Stored data -
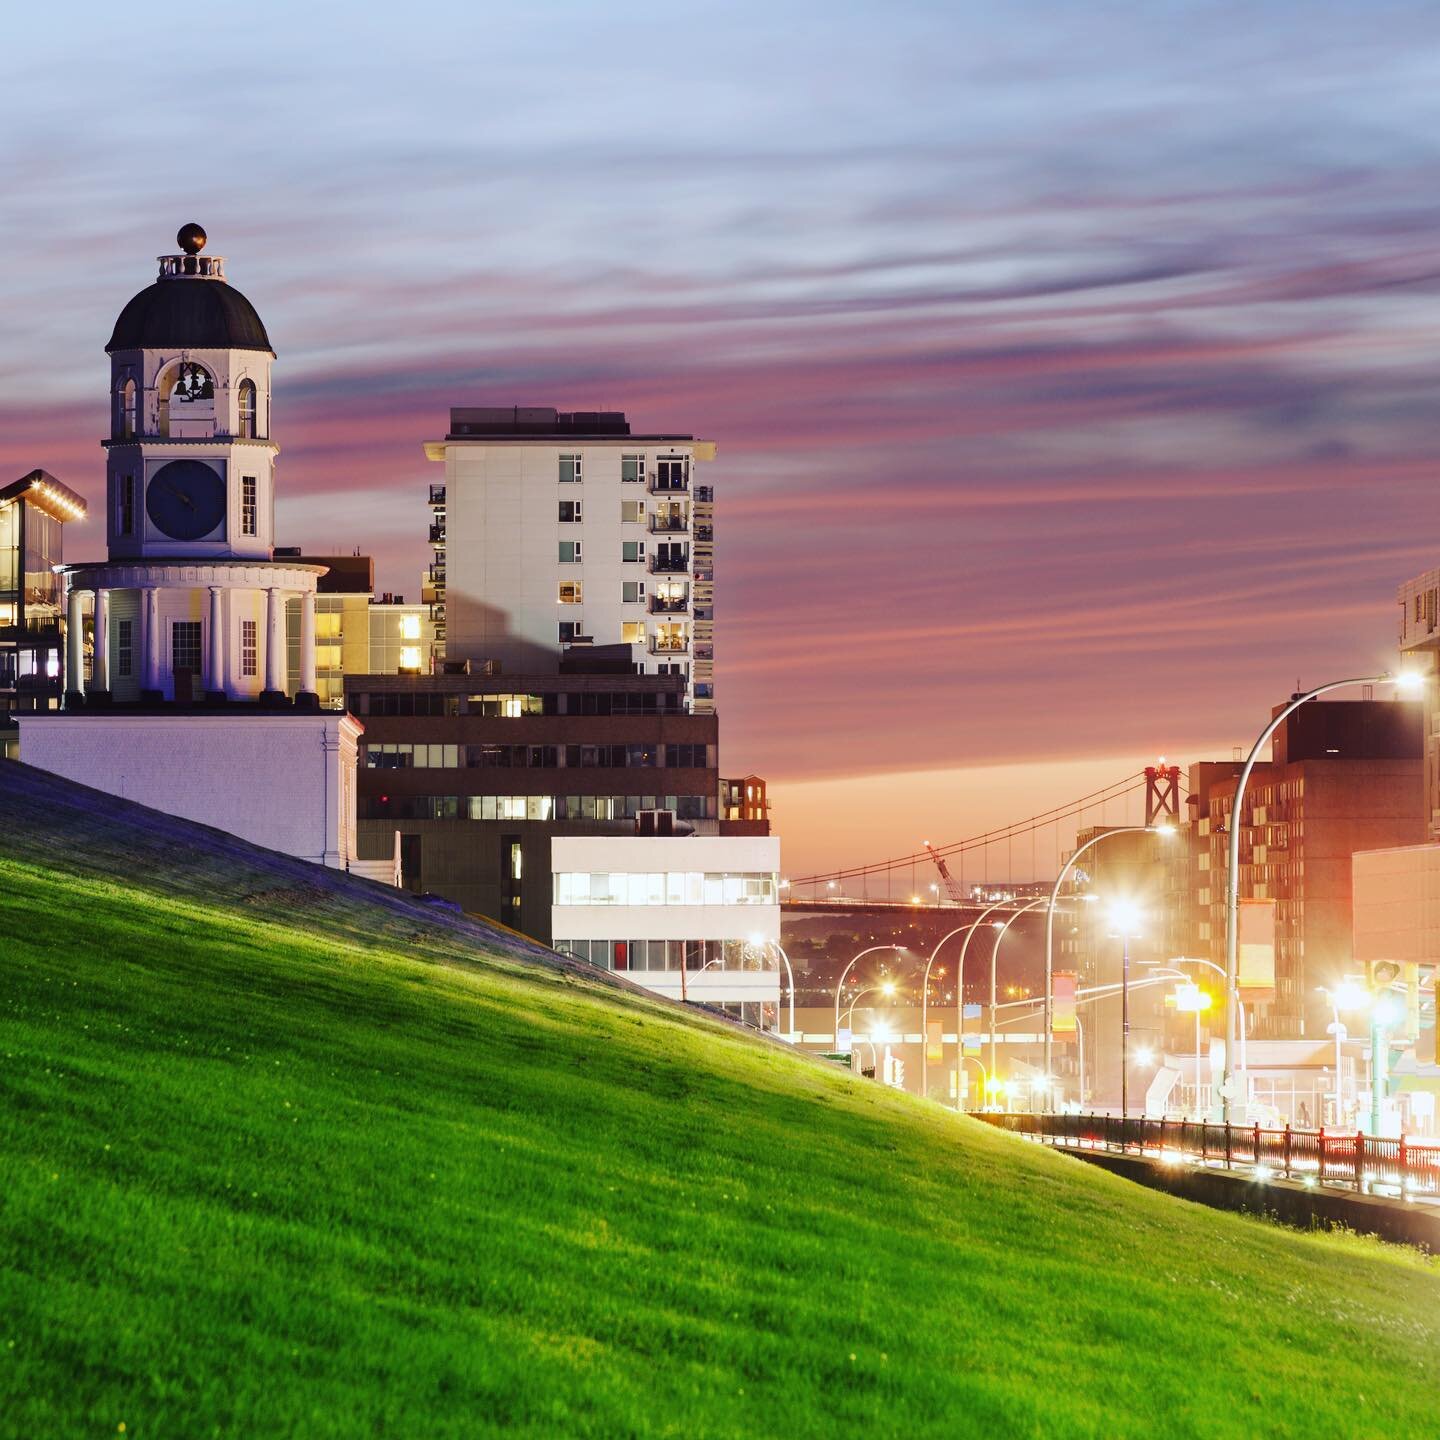 HALIFAX&rsquo;S CITADEL HILL, WITH A VIEW TOWARD THE WATERFRONT PAST THE FAMOUS CLOCK TOWER.

Think about it: 

In downtown Halifax, you can live near the water and still be in the centre of a bustling (well, semi-bustling, comparatively) urban centr
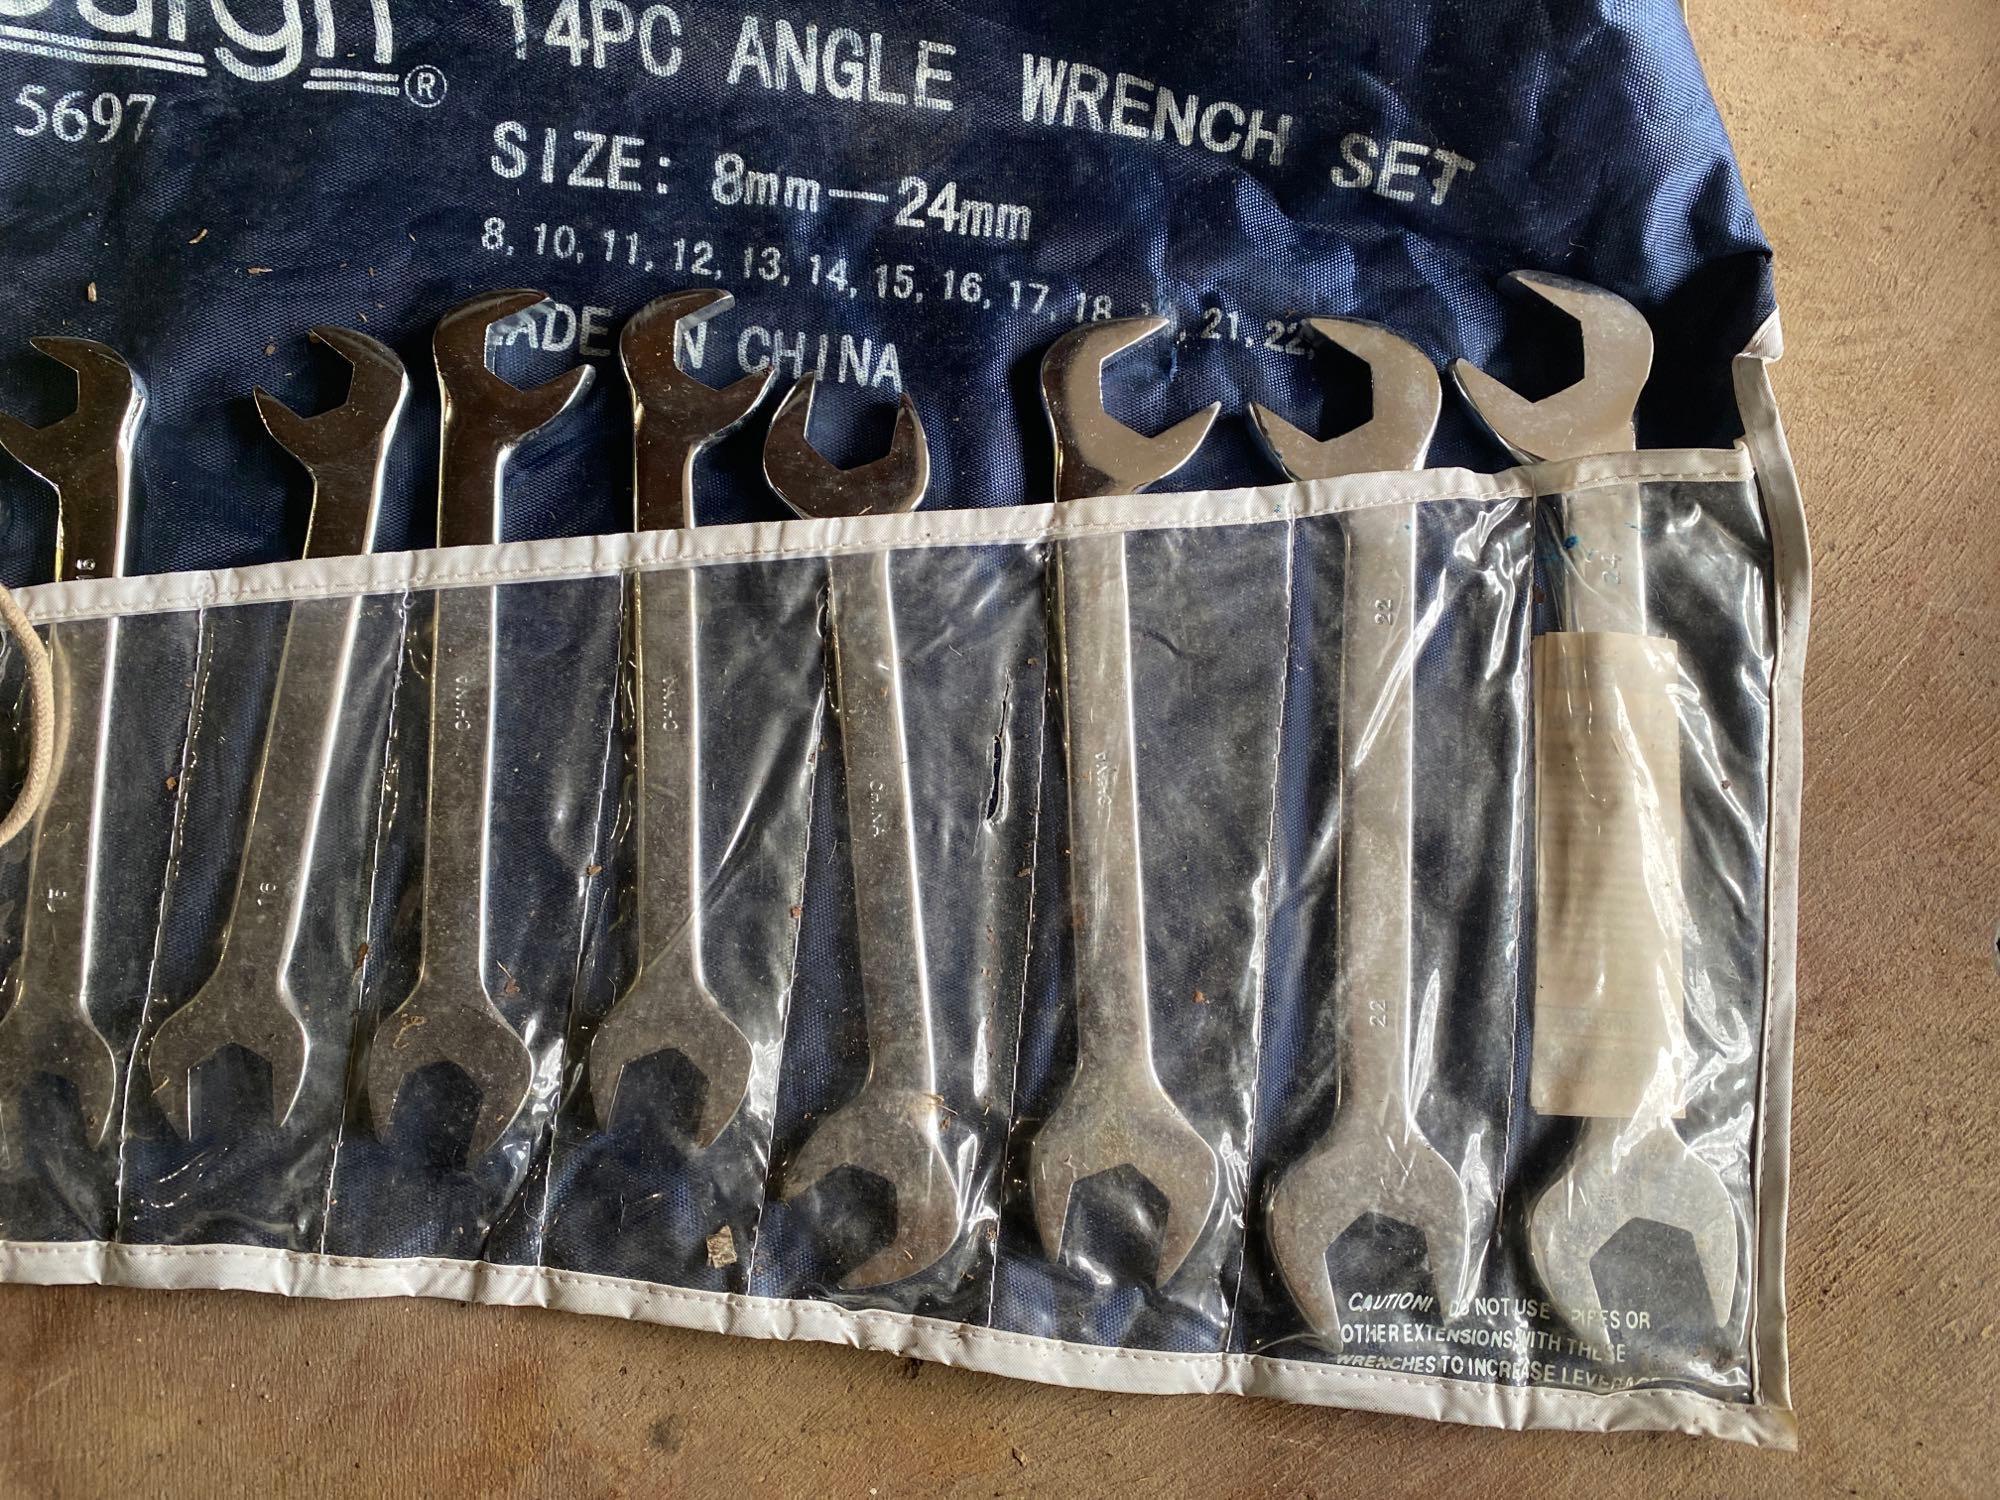 standard and metric wrenches

Prompt - Only those lines from the one containing "In downtown Halifax, you" to the end of the material above, retyped exactly and without pictures, belong in your reply.

Your response -
In downtown Halifax, you can live near the water and still be in the centre of a bustling (well, semi-bustling, comparatively) urban centr
 standard and metric wrenches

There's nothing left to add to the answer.